I am consoling myself with two extenuating circumstances: new school and new teaching methods. As I said elsewhere, he has a lot of rote-learning to do this year which he is not used to, together with a teacher who makes them apply their knowledge differently.
In the face of such a situation, the parental pitface takes on a craggy, crumbly aspect. One has visions of a bright child re-doing his CM2 year. The shame of it, and the devastating effect it would have on him would be truly appalling. We can, however, use such results as a wake-up call. He is obviously not doing what he is supposed to do, or not enough, and must keep his brain switched on at all times. He told me he has test nerves, which is normal, but he'll just have to deal with this. We all have to.
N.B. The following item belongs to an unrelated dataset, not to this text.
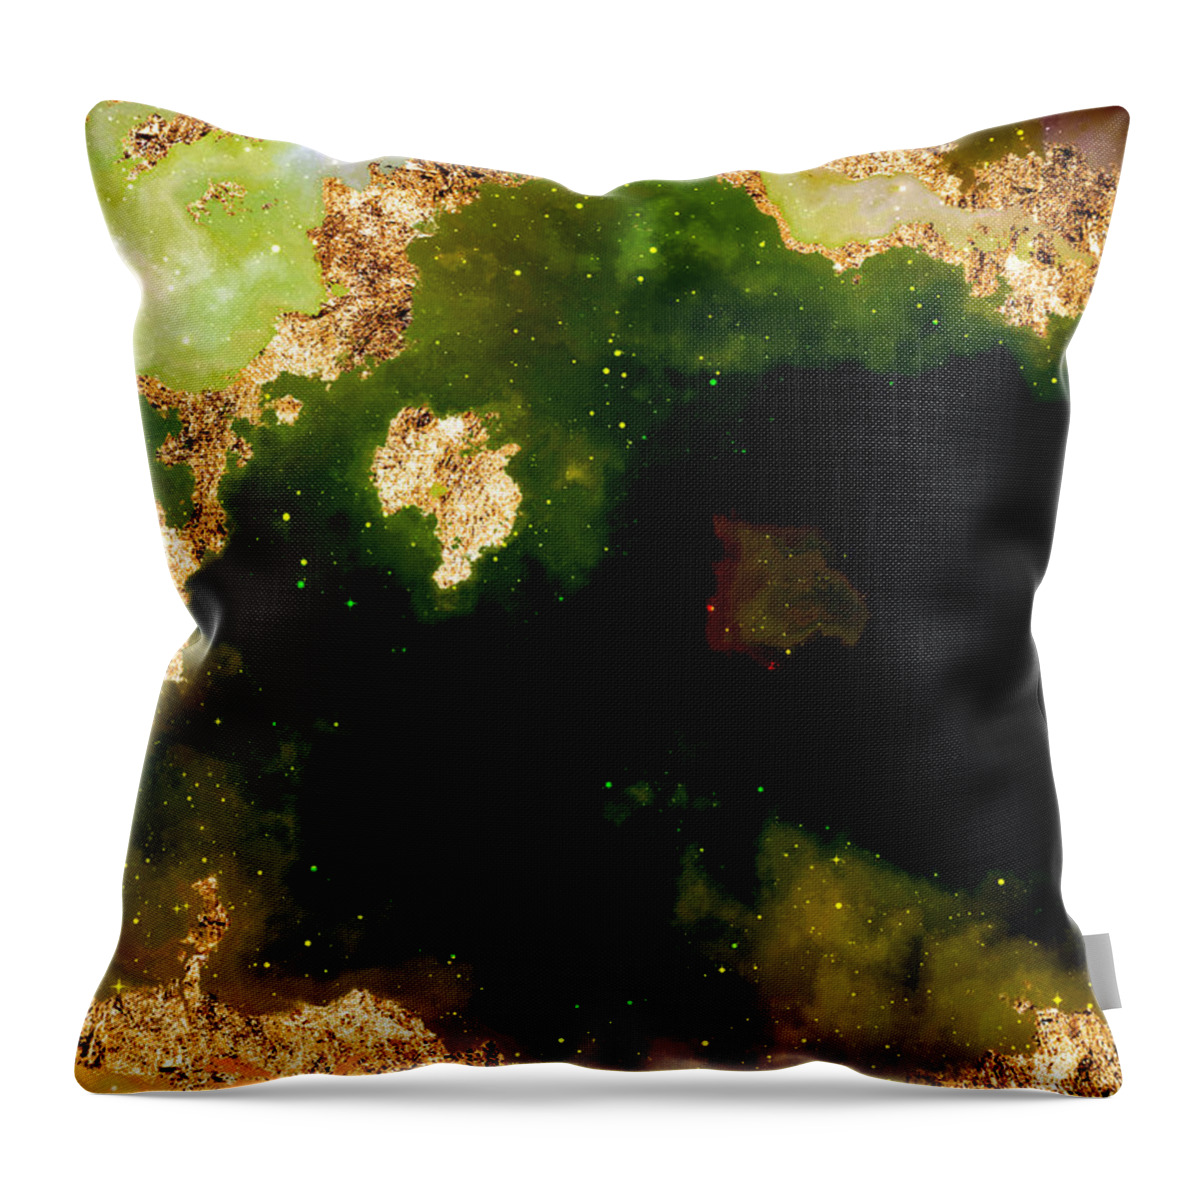 Holyrockarts Throw Pillow featuring the mixed media 100 Starry Nebulas in Space Abstract Digital Painting 013 by Holy Rock Design

I told him he must consider tests as an opportunity to show what he knows, not fear what he doesn't know.
With some questions, he didn't answer the question fully and lost stupid points because of this. It happens to everyone, but if he can get to grips with this simple action, he'll already be doing much better. Other questions paralysed him because he couldn't remember the lesson, but if he had thought logically and used his common sense, he could have answered a number of questions anyway.
Luckily we had our NG come round to reinforce what I said to him - it's amazing how one's children really don't believe what you tell them, and to give him tips on dealing with his father who is going to go ballistic this weekend. He is one of those who insists his child is top of the class willy nilly, which is a pointless demand. He should be doing his best, that is the most one can insist on.
So, this afternoon, we sat down and went through some of the worst questions. It struck me that he's an intellectual butterfly flitting around the questions, and losing interest if he doesn't understand immediately. He lacks a methodological approach and determination to get to the answer. Put him on a video game and work out strategy, problem-solving etc. and he'll sit at it for ages, but 'irrelevent' questions provoke no interest and no desire to get to the solution.
We'll get there if it kills us, however!